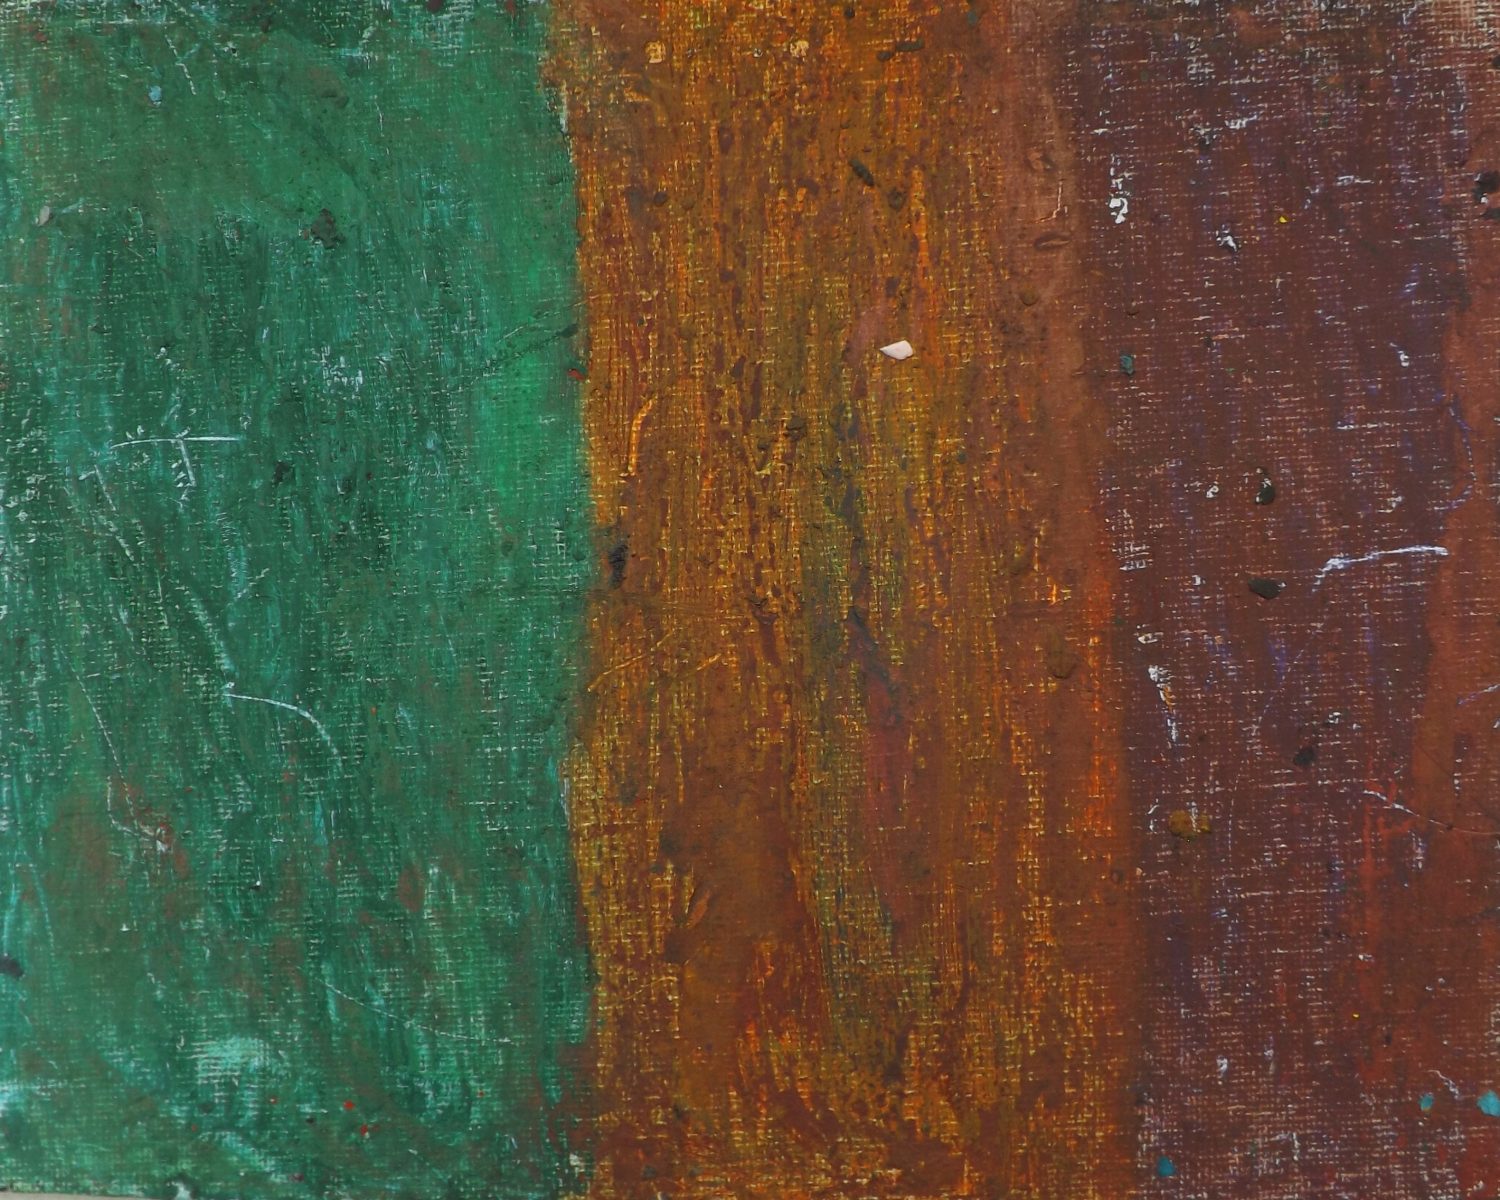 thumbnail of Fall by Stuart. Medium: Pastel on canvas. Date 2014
+--
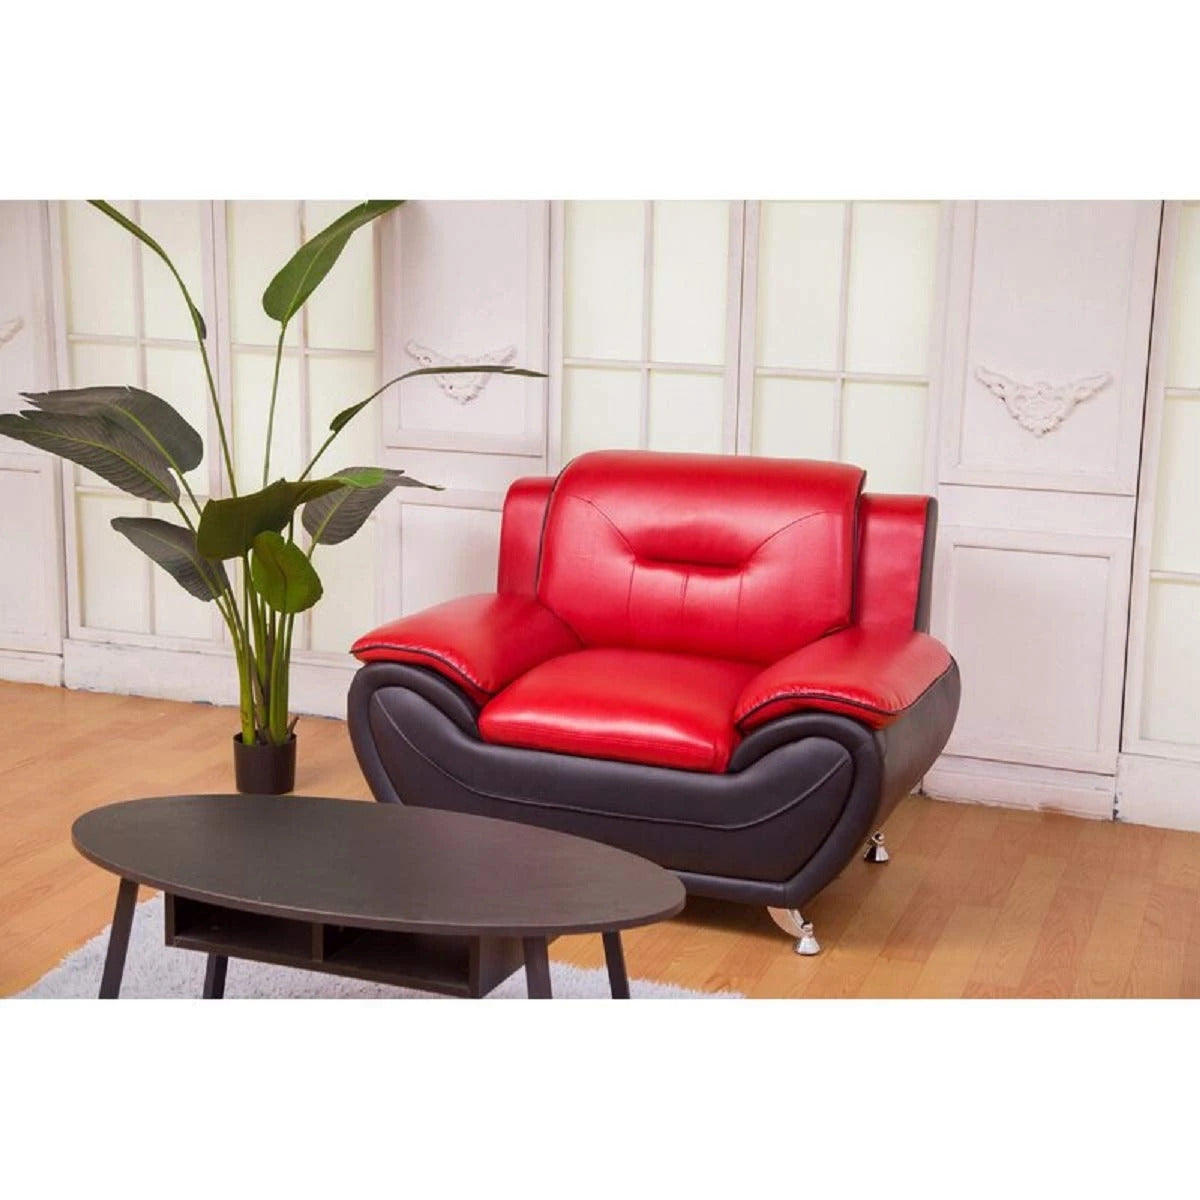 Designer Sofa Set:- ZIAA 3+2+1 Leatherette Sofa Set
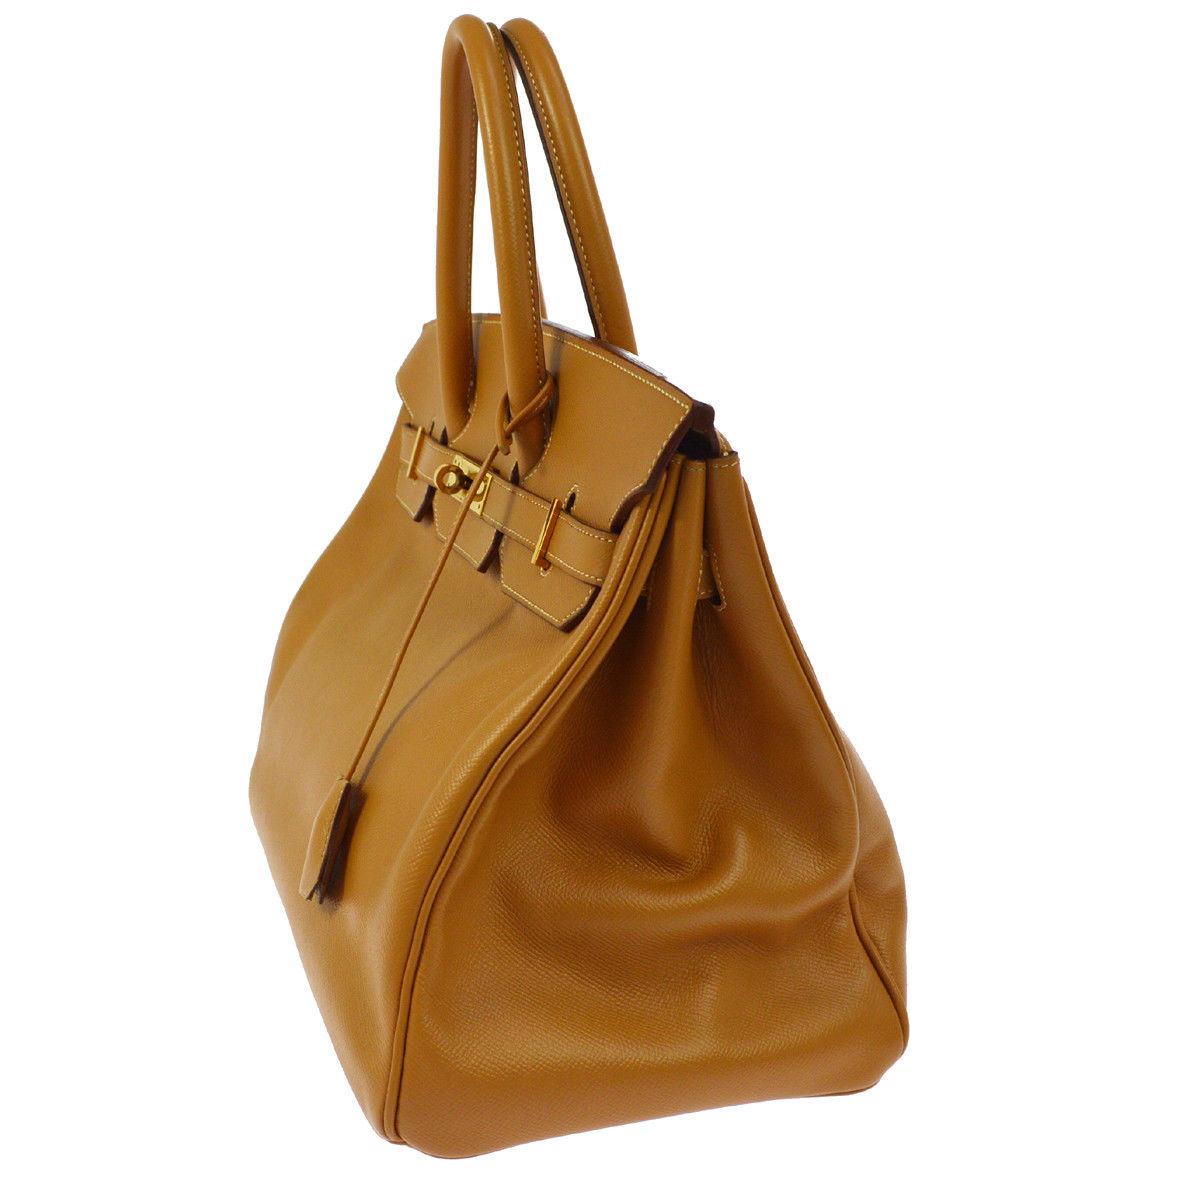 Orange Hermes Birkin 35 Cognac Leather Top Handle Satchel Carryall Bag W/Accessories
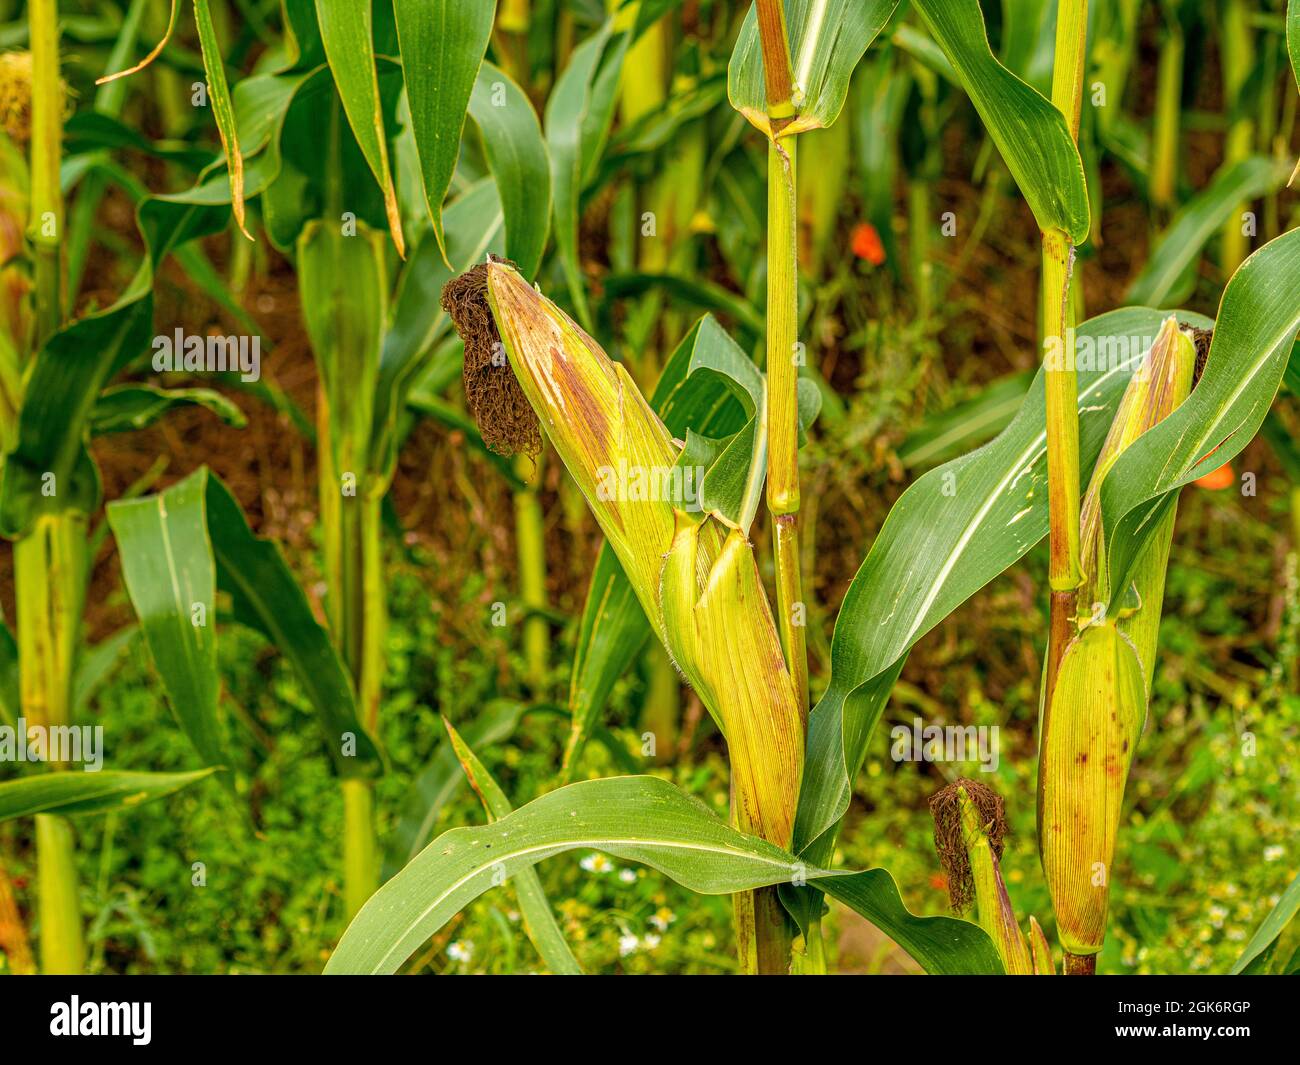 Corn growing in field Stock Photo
+--
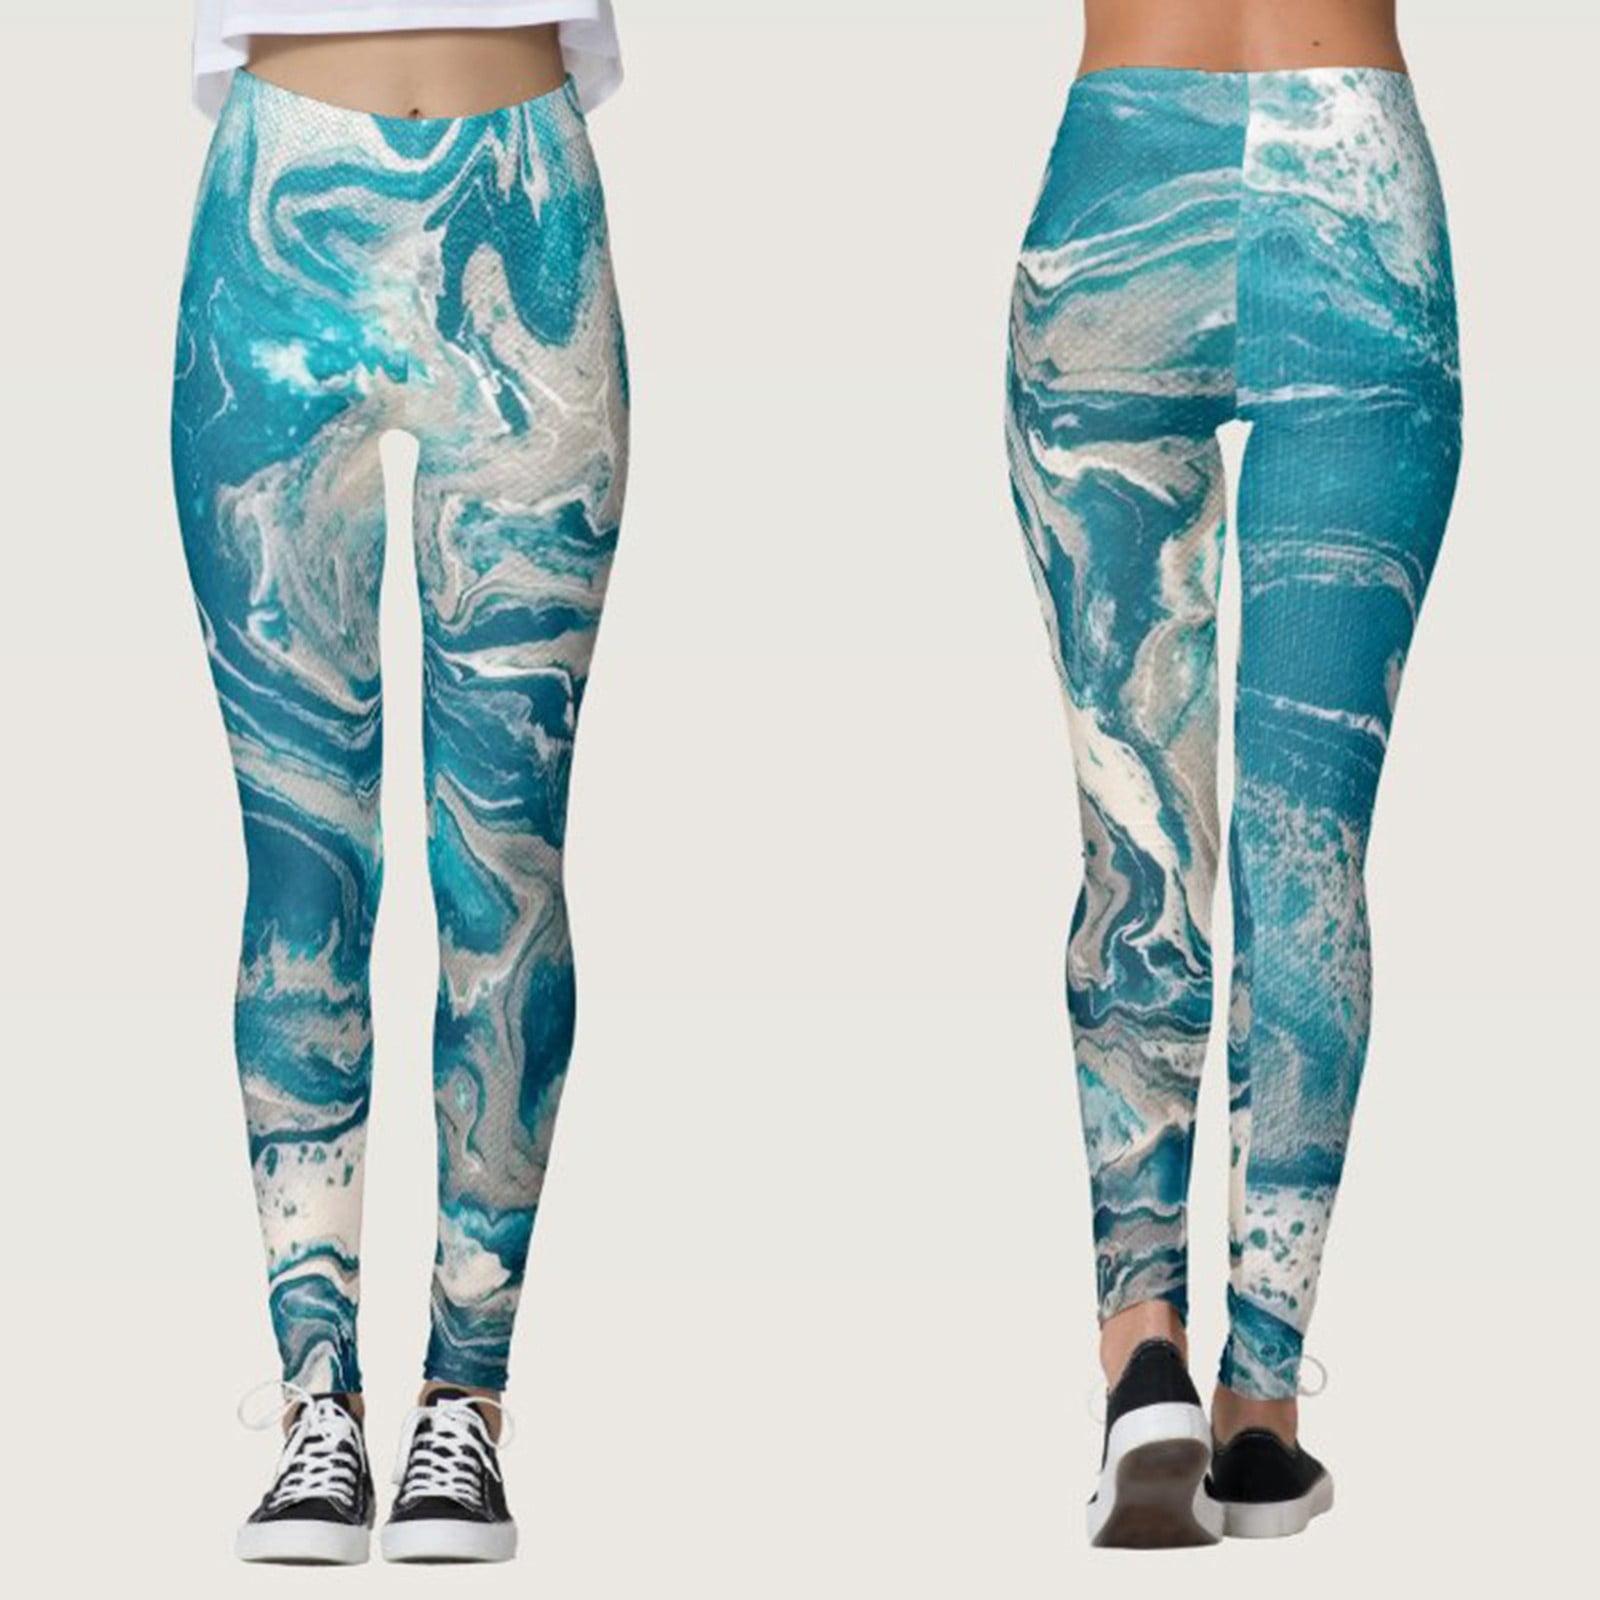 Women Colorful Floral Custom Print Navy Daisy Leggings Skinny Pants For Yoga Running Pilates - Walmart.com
+--
**EXERCISE:** What's needed is an exact copy of the lines above from the one with "Designer Sofa Set:- ZIAA" through the one with "Corn growing in field Stock Photo", both included; the pictures stay out.

**COMPLETED TASK:**
 Designer Sofa Set:- ZIAA 3+2+1 Leatherette Sofa Set
 Orange Hermes Birkin 35 Cognac Leather Top Handle Satchel Carryall Bag W/Accessories
 Corn growing in field Stock Photo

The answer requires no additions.